Purposes: To develop and validate a Portuguese version of the Edmonton Symptom Assessment System (ESAS) in Brazilian patients with advanced cancer. Methods: The ESAS was translated and then back translated into Portuguese in accordance with international guidelines. The final version was approved by an Expert Committee after pilot testing on 24 advanced cancer patients. Subsequently, we evaluated the time to complete the assessment, the number of unanswered items, internal consistency, convergent validity, and known-group validity in a sample of 249 advanced cancer patients who completed the ESAS along with the European Organization for Research and Treatment of Cancer Core Quality of Life Questionnaire (EORTC QLQ-C30), Hospital Anxiety and Depression Scale (HADS), and Epworth Sleepiness Scale (ESS). A total of 90 clinically stable patients were retested after 4 to 96 hours (test-retest reliability), and 80 patients answered the ESAS after 21 (±7) days to measure scale responsiveness using an anchor-based method. Results: The ESAS was completed in a mean time of only 2.2 minutes. The internal consistency was good (Cronbach's alpha = 0.861), and the removal of single items did not change the overall alpha value.
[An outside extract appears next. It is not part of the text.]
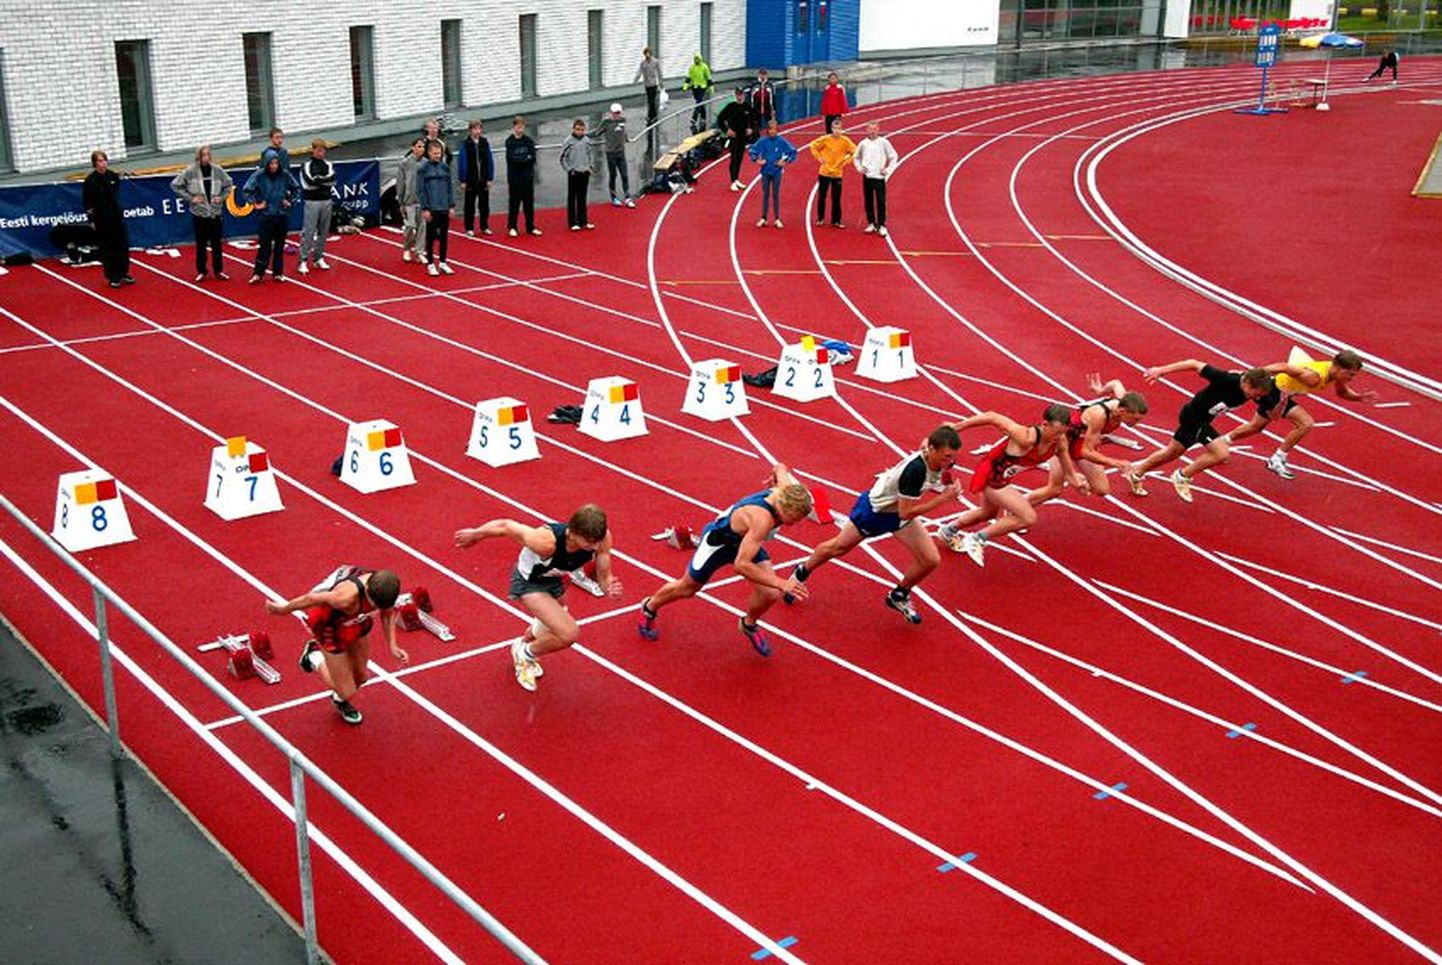 Renoveeritud Rakvere staadionil kuulus avastardi au Eesti meistrivõistlustel osalevatele B vanuseklassi kümnevõistlejatele, kes jooksid uudse kattega rajal võidu 100 meetrit.
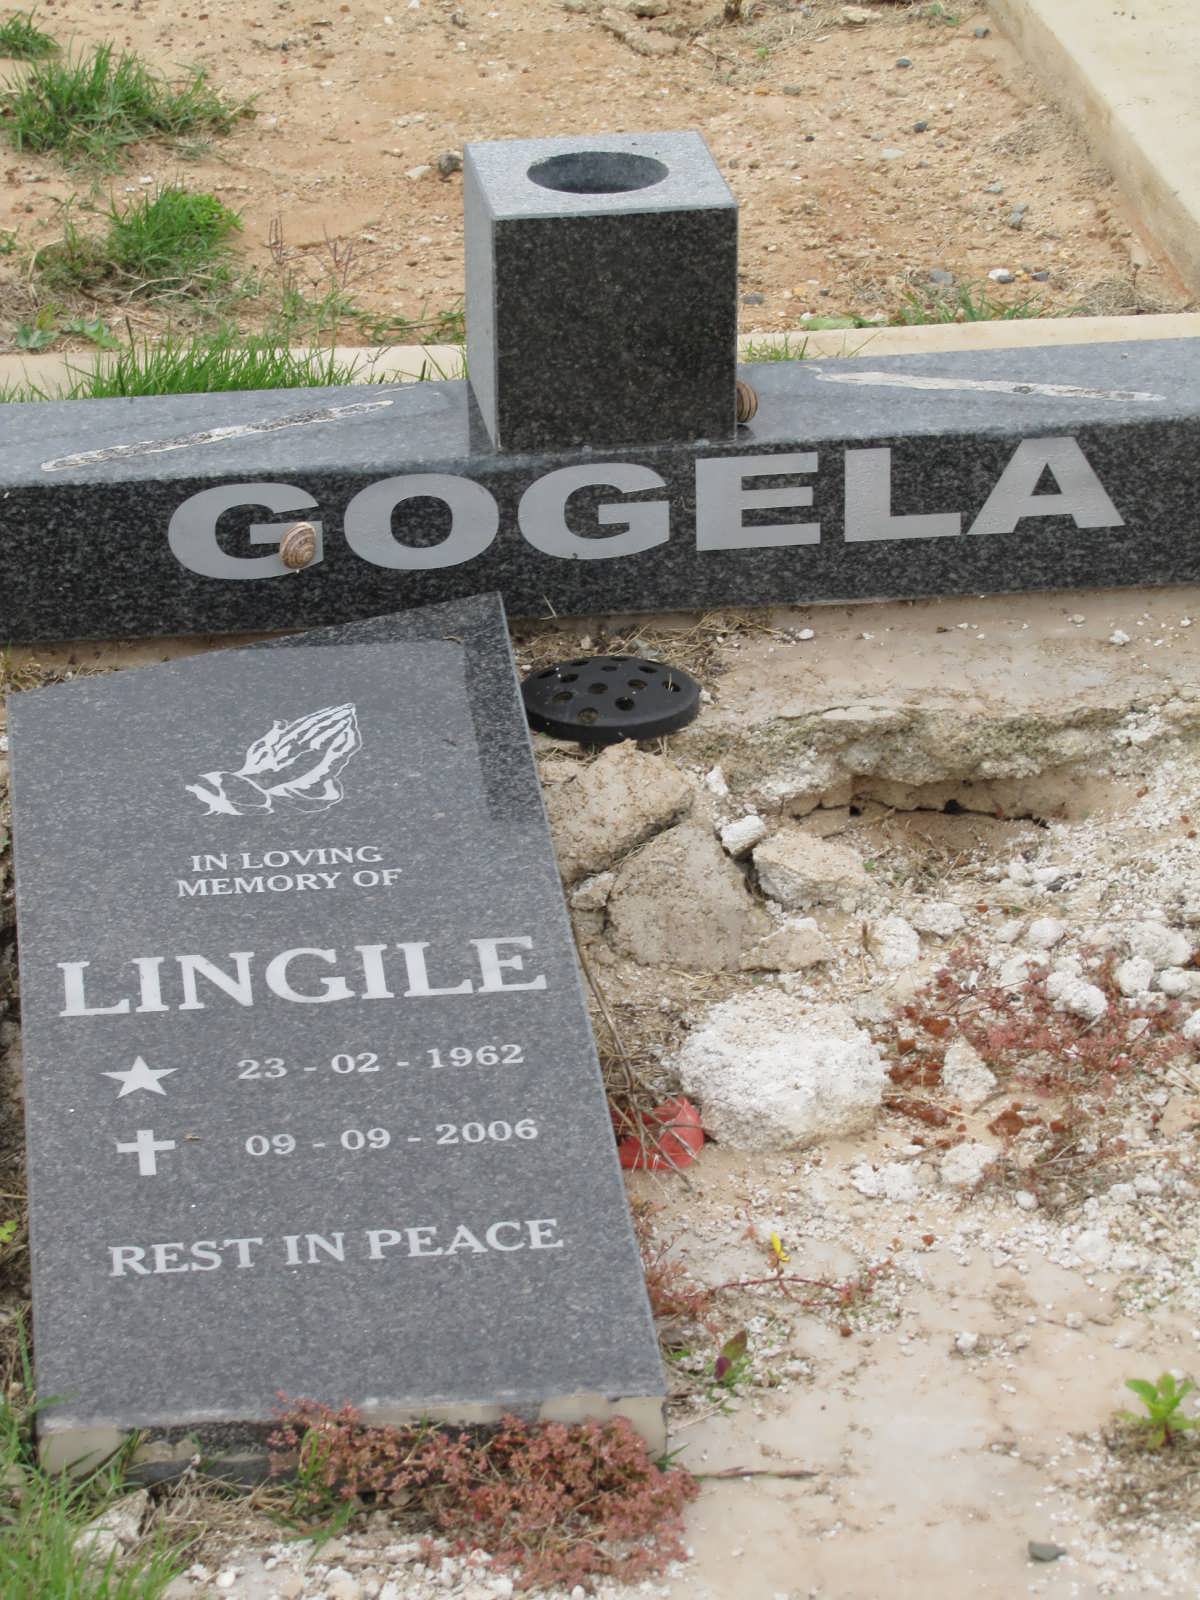 GOGELA Lingile 1962-2006

For convergent validity, Spearman's correlation coefficients between the ESAS symptom scores and the corresponding EORTC QLQ-C30 and ESS symptom scores ranged between 0.520 (95% CI = 0.424-0.605) and 0.814 (95% CI = 0.760-0.856), indicating moderate to strong correlations. Test-retest reliability values were considered adequate, with intraclass correlation coefficients ranging from 0.758 (95% CI = 0.627- 0.843) to 0.939 (95% CI = 0.905-0.960). Conclusions: ESAS is a feasible, valid and reliable multi-symptom assessment instrument for use in Brazil.